In previous reports, the lathosterol/cholesterol ratio has shown a strict correlation with whole body cholesterol synthesis, measured with the direct balance method, under different experimental conditions,20 and therefore, is widely accepted as an index of cholesterol synthesis. Likewise, the sitosterol/cholesterol and campesterol/cholesterol ratios were considered as markers of intestinal cholesterol absorption, according to the literature.21

The absolute serum concentration of C4 was used as a marker of bile acid synthesis and of the activity of cholesterol 7α-hydroxylase, the limiting enzyme of the metabolic pathway.19,22

Statistical analysis

Whenever appropriate, continuous variables were expressed as the mean value and SD.

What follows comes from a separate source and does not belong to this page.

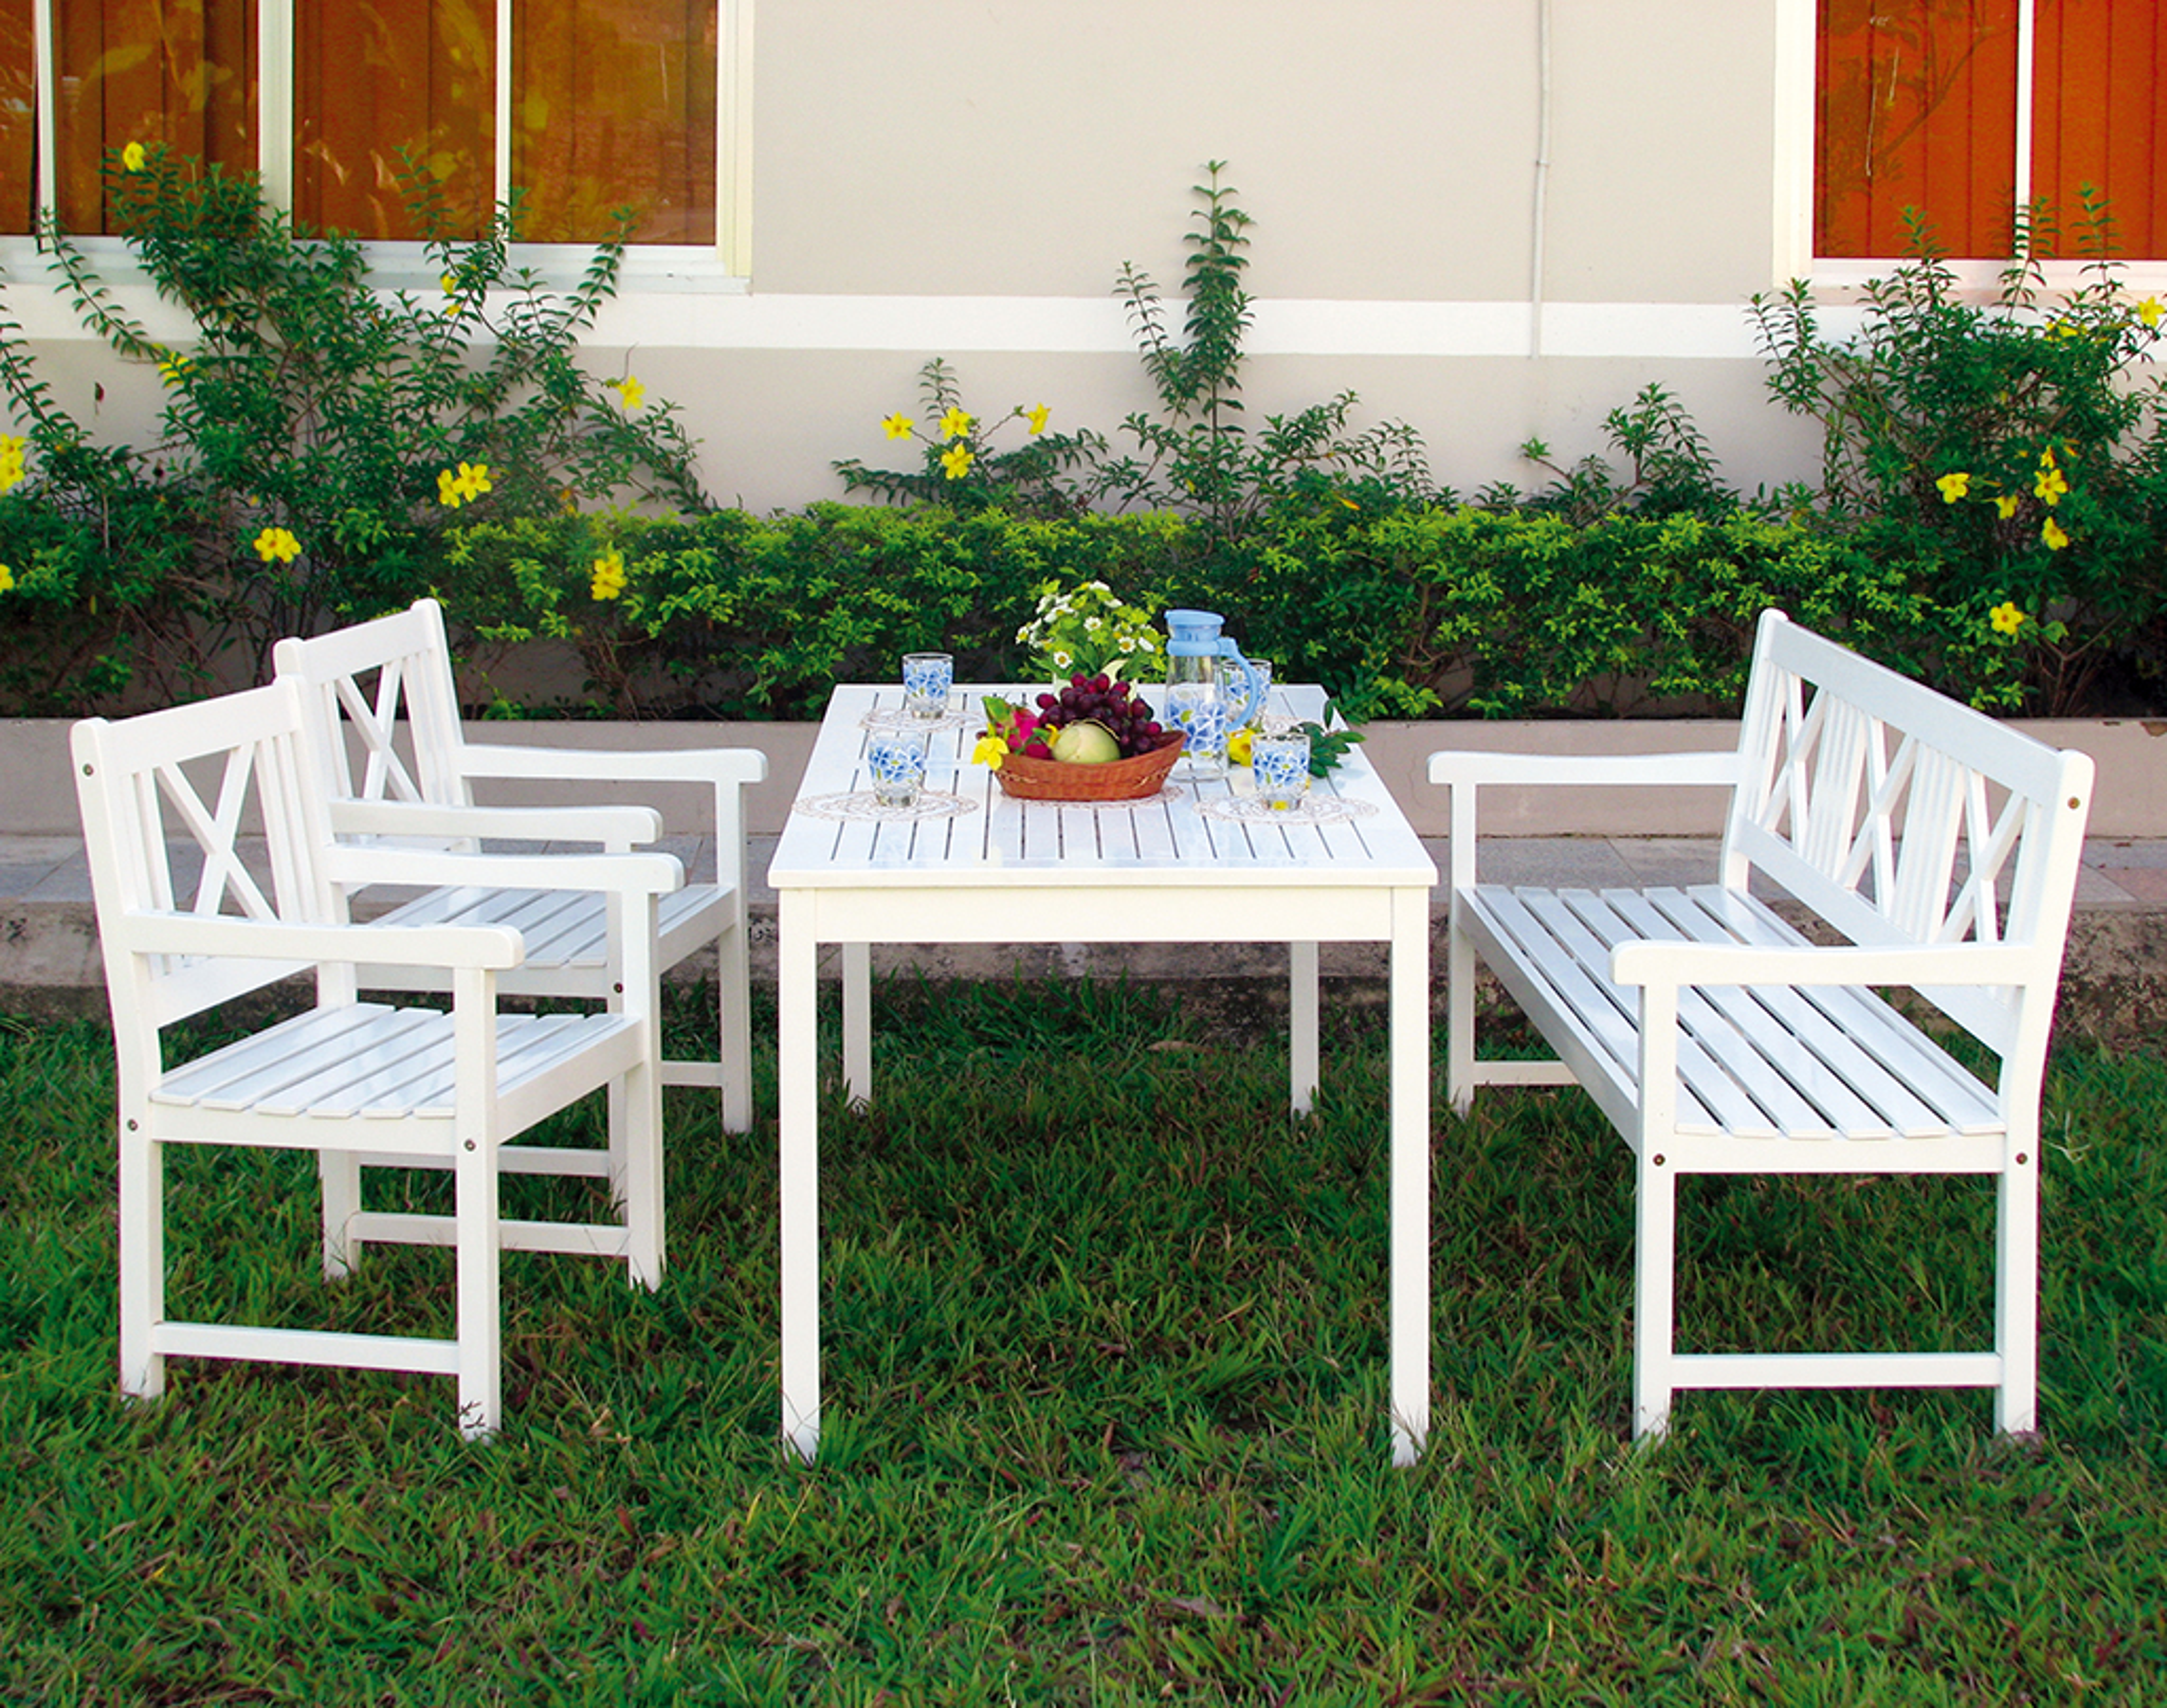 Sitzgruppe im garten gartenmobel sets  Tischgruppe Sitzgruppe Gartengarnitur Gartenmöbel Garten Bank Tisch ...

The patients were stratified into age quartiles; the significance of the differences of continuous variables between age quartiles was performed by one-way analysis of variance (ANOVA). The difference between individual groups was further evaluated by means of Bonferroni post hoc analysis.

Linear correlation analysis was performed using the least squares method.

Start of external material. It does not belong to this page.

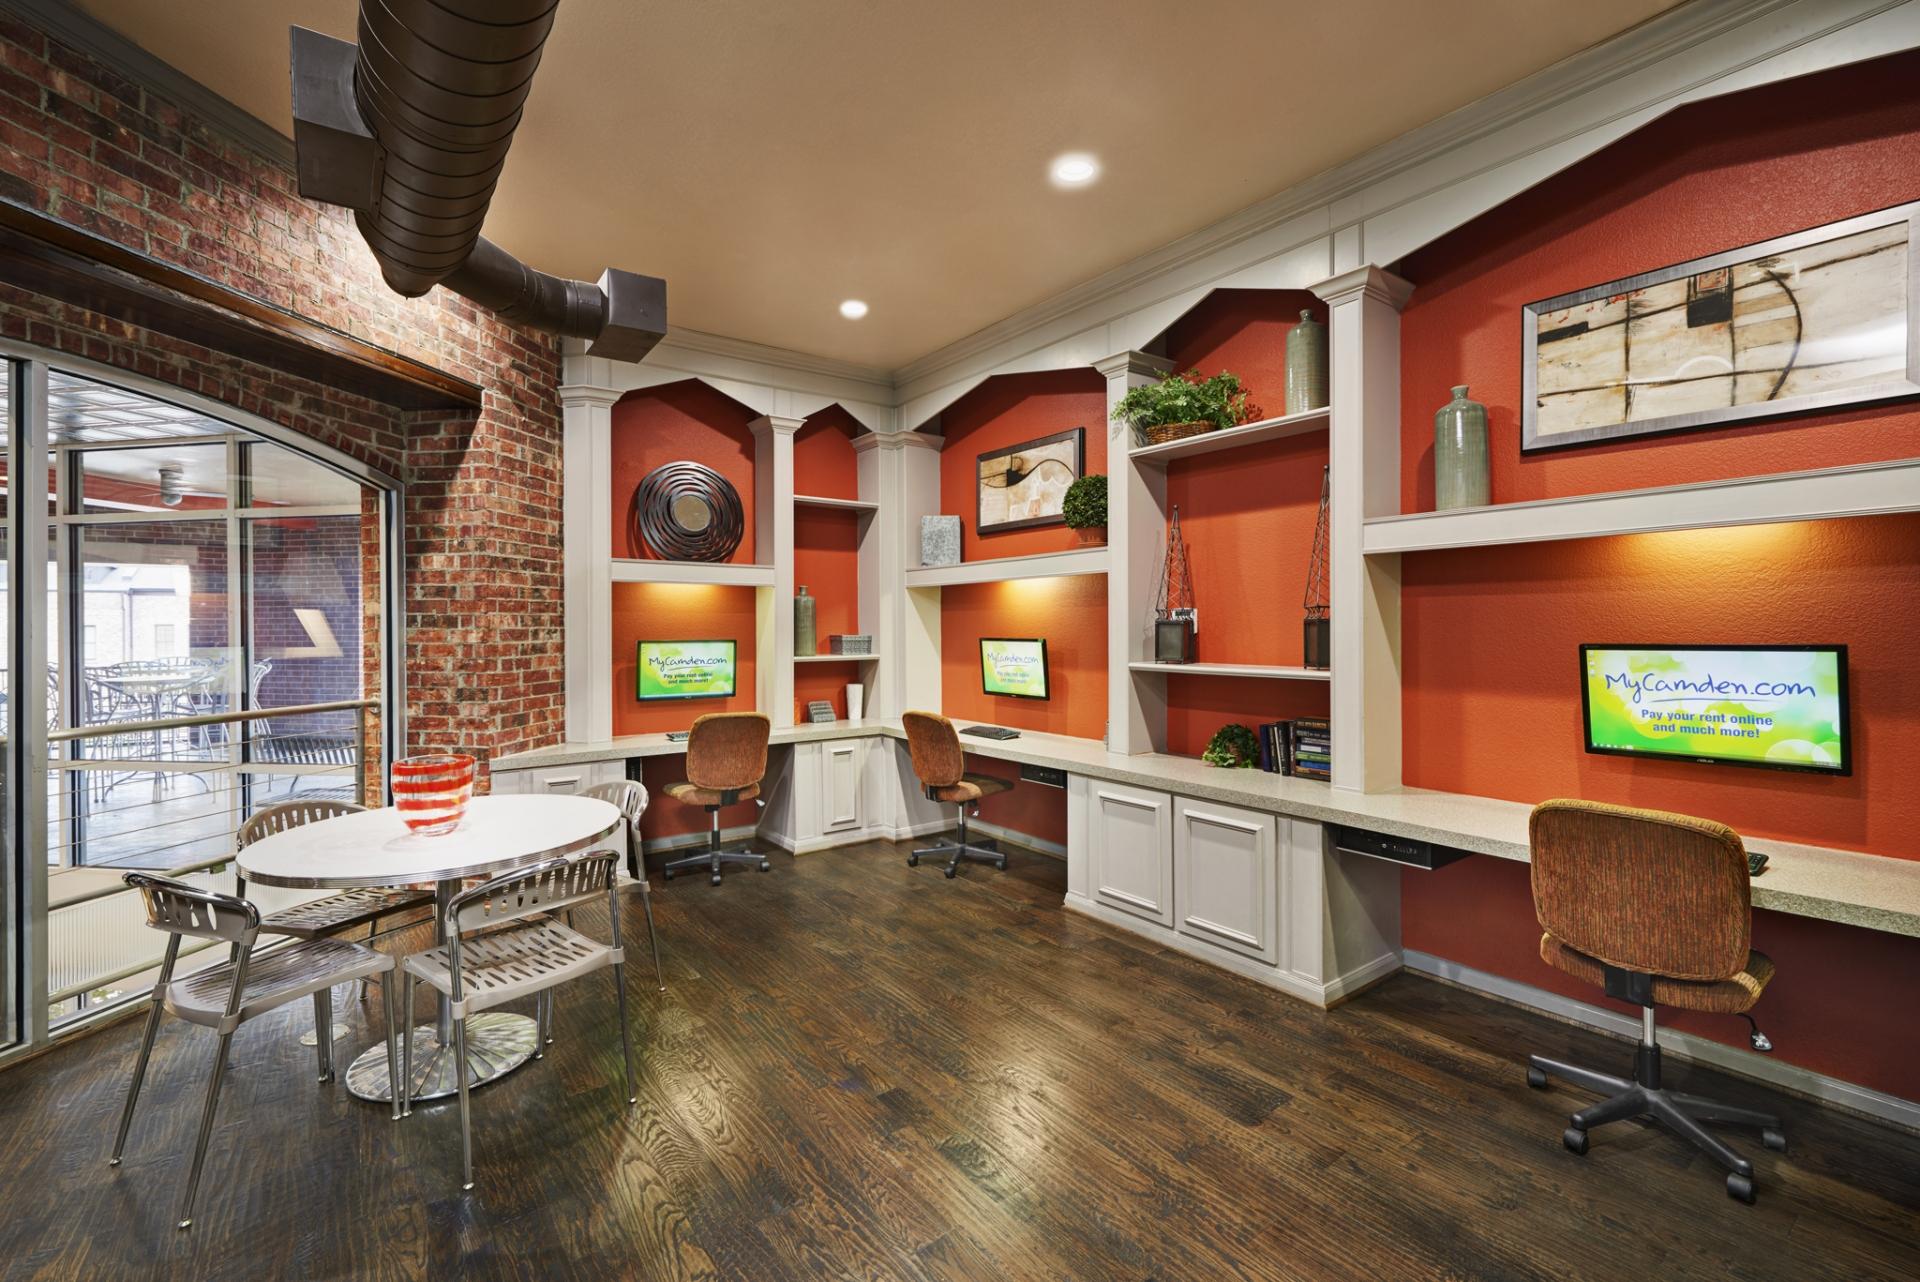 Camden Farmers Market Apartments image 29

The significance of the differences between gallstone-free and gallstone patients was evaluated by Student’s t-test for independent data.

Significance was accepted at the P<0.05 level.

Statistical analysis was performed by means of SPSS software (v17 for Windows; SPSS Inc., Chicago, IL, USA) on a PC-IBM compatible platform.


A direct correlation was detected between age and serum levels of total cholesterol, as shown in Figure 1 (r=0.34, P<0.01). A significant between-group difference was also detected by one-way ANOVA (Table 1). When the significance was further tested by Bonferroni’s test, a difference was detected between the youngest quartile and all other age groups, but not between the oldest ones; this, together with the visual inspection of the data presented in Figure 1, suggests a trend for serum cholesterol to plateau when approaching the oldest age groups.

Figure 1 Correlation between serum cholesterol levels and age.
Notes: Individual data points are shown for 201 subjects; r=0.34; P<0.01, linear regression analysis.

Table 1 Serum levels of total cholesterol and other sterols in the different age quartilesa
Notes: aData are presented as mean value and SD; *P<0.01 among age quartiles, one-way analysis of variance; **P<0.05 versus all remaining groups, Bonferroni’s test.
Abbreviations: Latho/Ch, lathosterol to cholesterol ratio; C4, 7α-hydroxy-4-cholesten-3-one; Campe/Ch, serum campesterol to cholesterol ratio; Sito/Ch, serum sitosterol to cholesterol ratio.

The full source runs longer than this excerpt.